Task requirements: Each line below should be repeated exactly, but no picture should be carried over.

Data:
··········

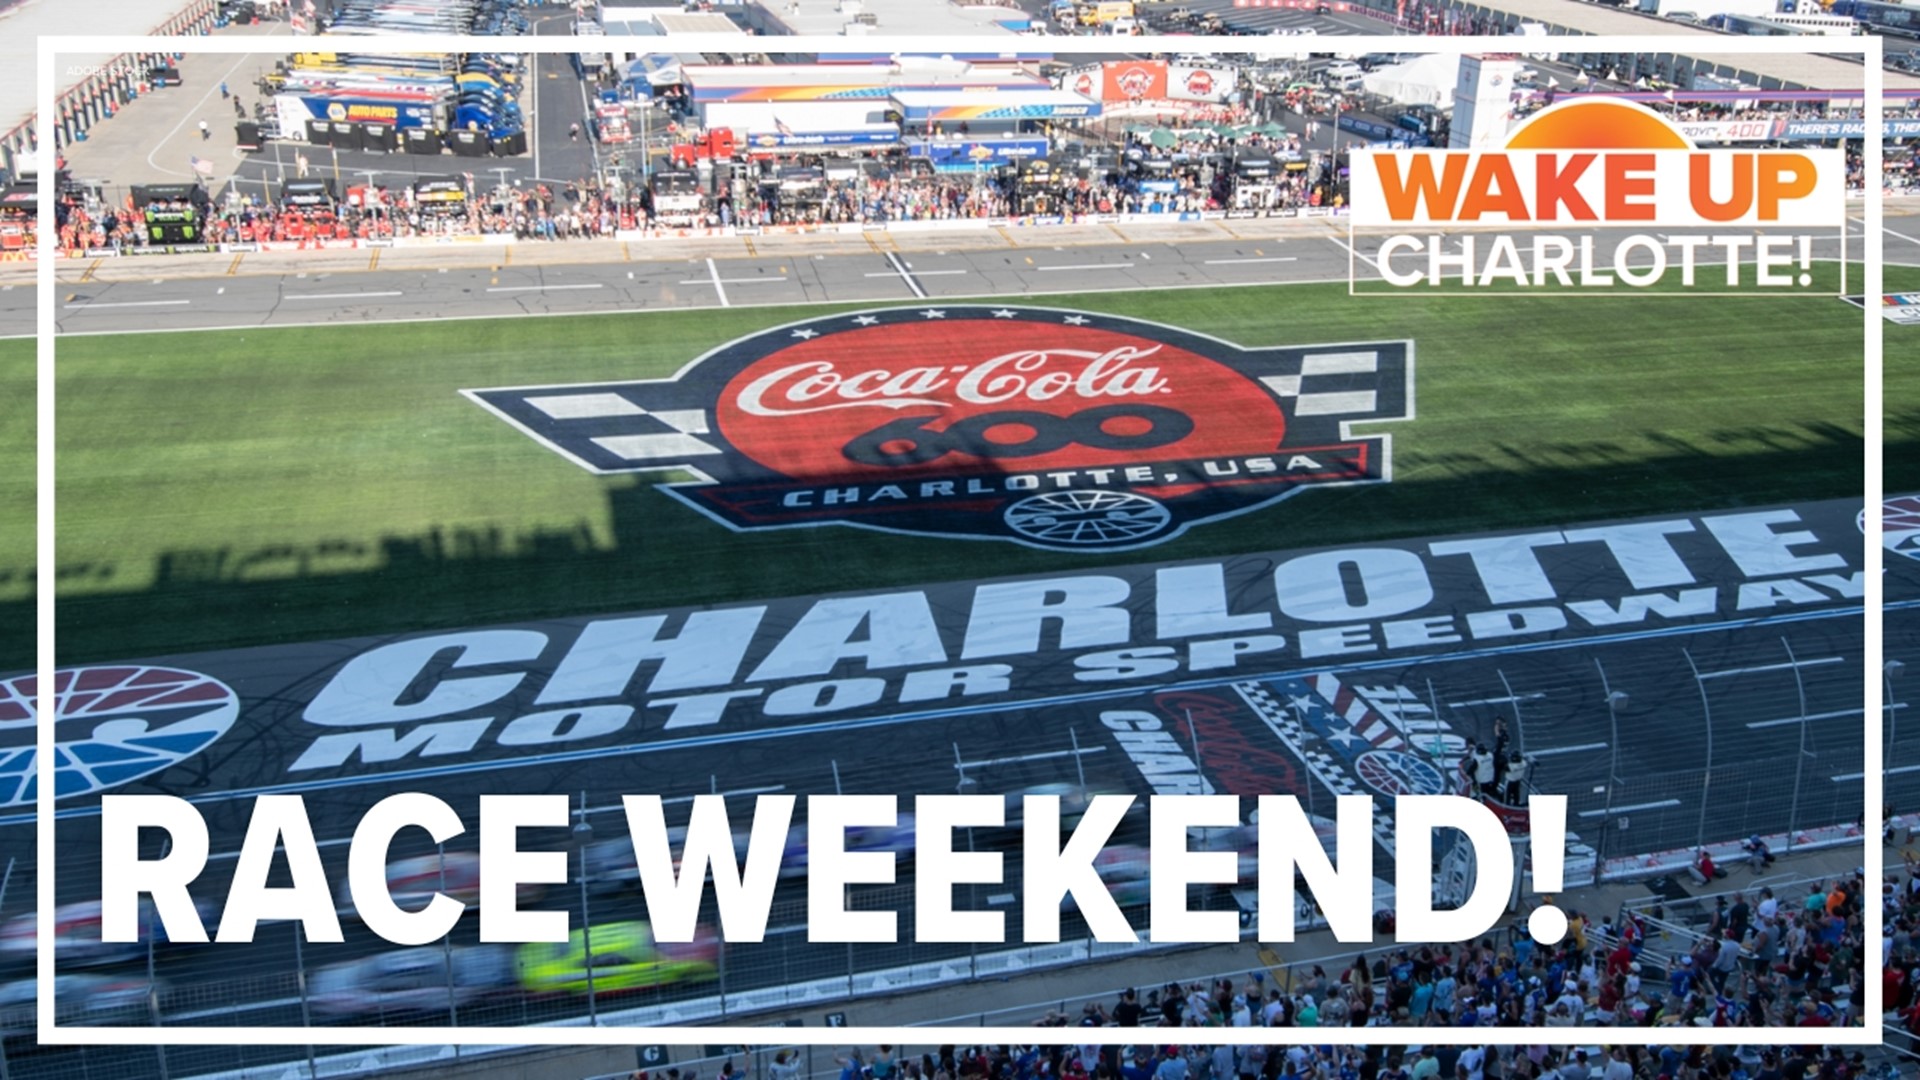 Charlotte Motor Speedway announced all reserved grandstand tickets for the Coca-Cola 600 are sold out as the track prepares for a huge Memorial Day crowd.
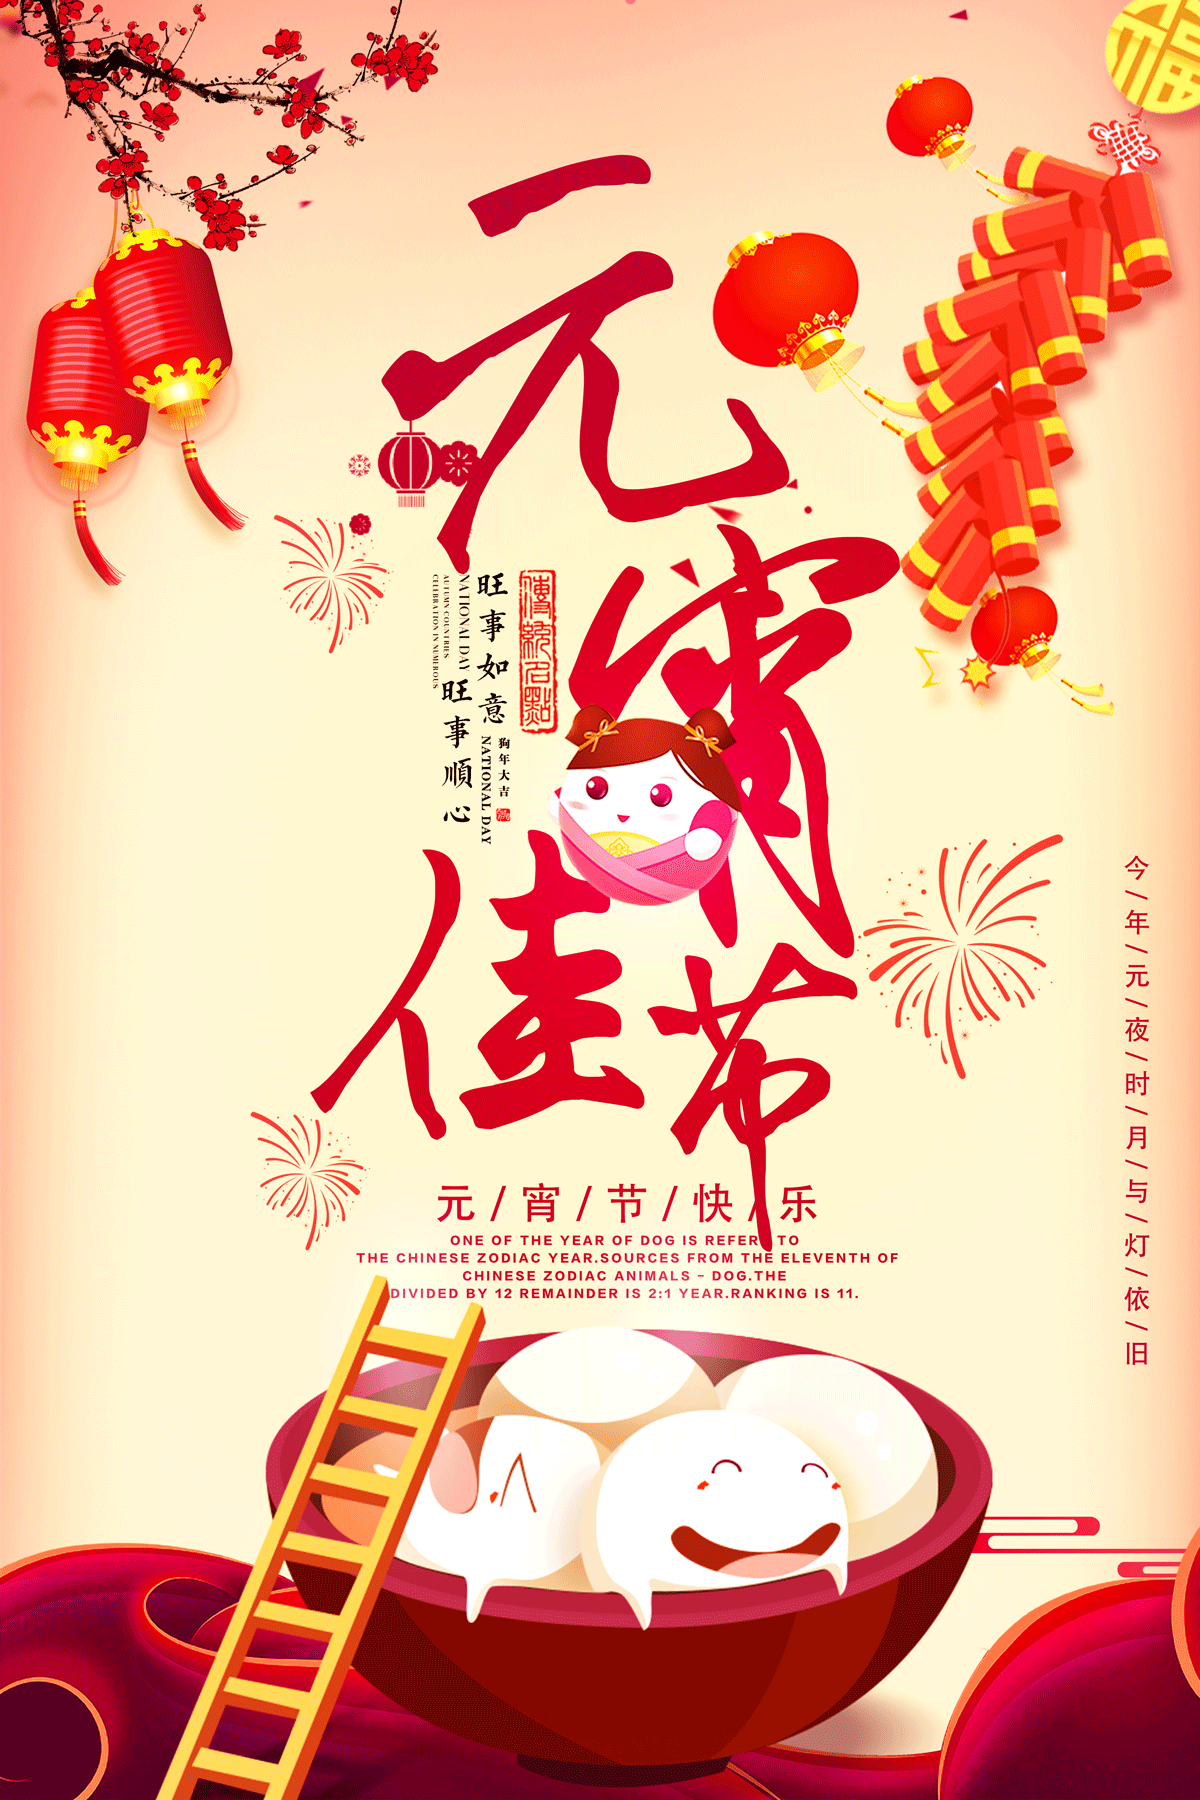 China's Lantern Festival poster in 2018. - PSD File Free Download
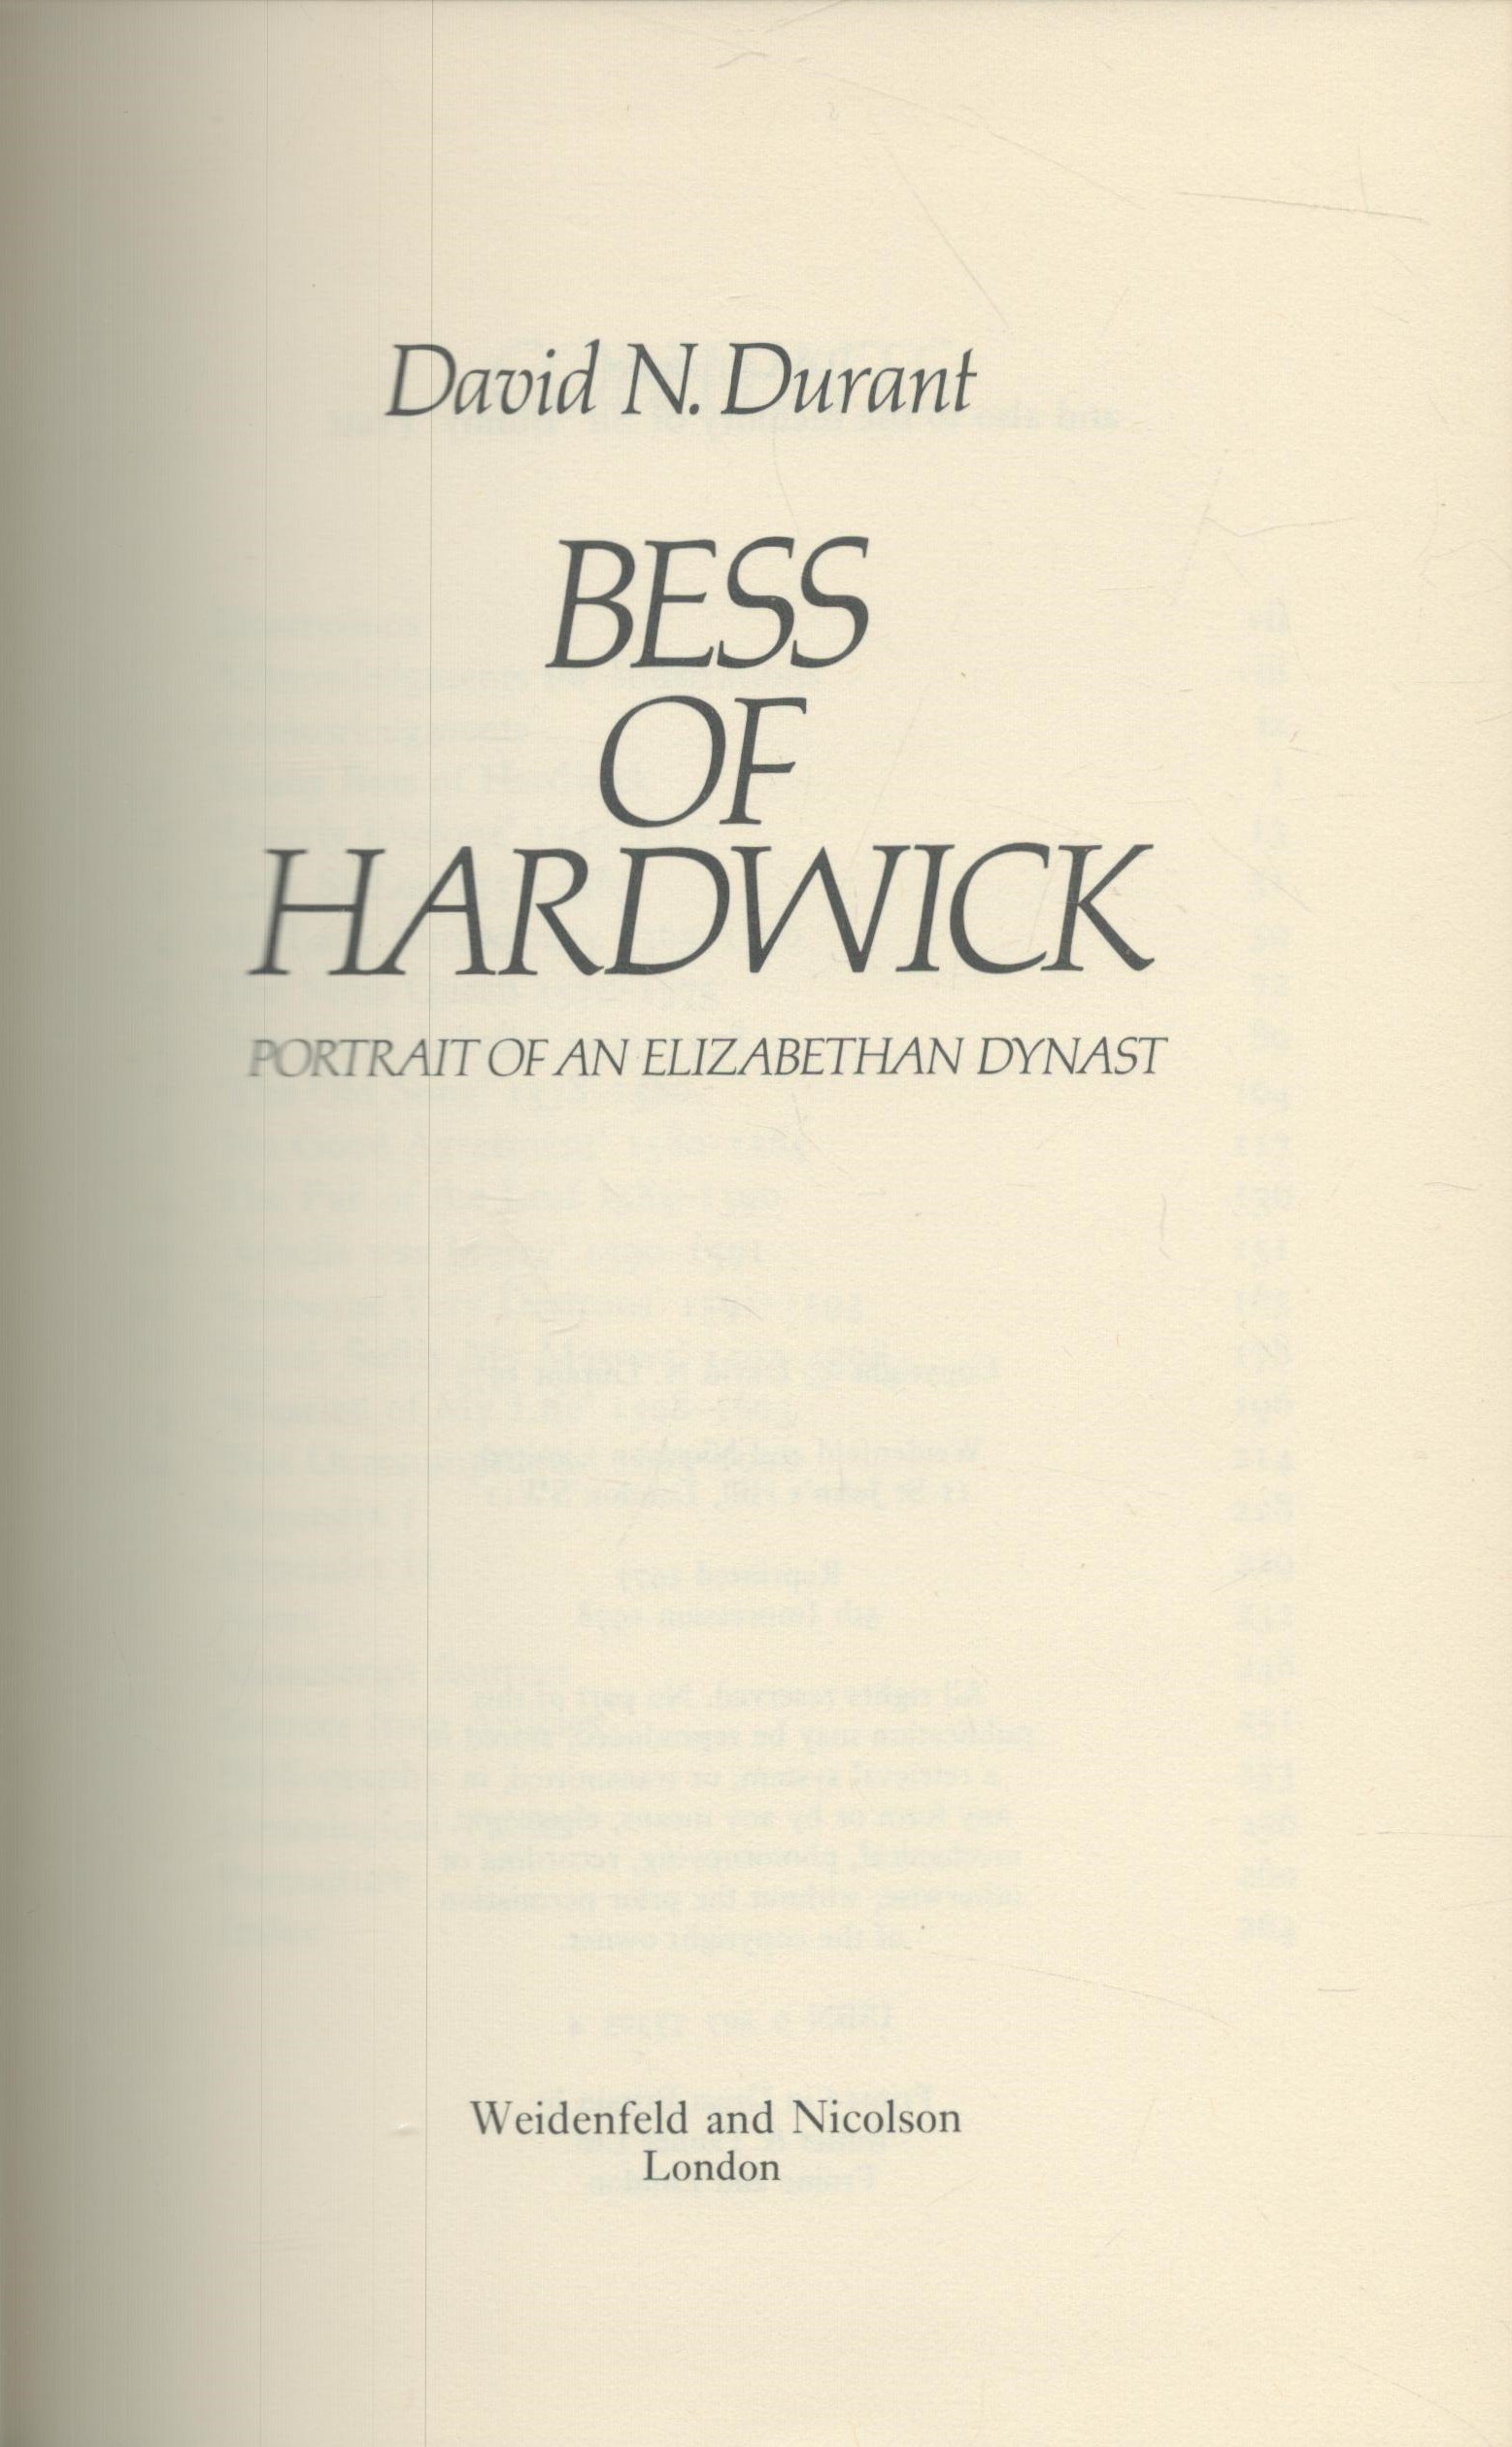 Bess of Hardwick - Portrait of an Elizabethan Dynast by David N Durant 1978 hardback book with 274 - Image 2 of 3

··········

Your response:
 Charlotte Motor Speedway announced all reserved grandstand tickets for the Coca-Cola 600 are sold out as the track prepares for a huge Memorial Day crowd.
 China's Lantern Festival poster in 2018. - PSD File Free Download
 Bess of Hardwick - Portrait of an Elizabethan Dynast by David N Durant 1978 hardback book with 274 - Image 2 of 3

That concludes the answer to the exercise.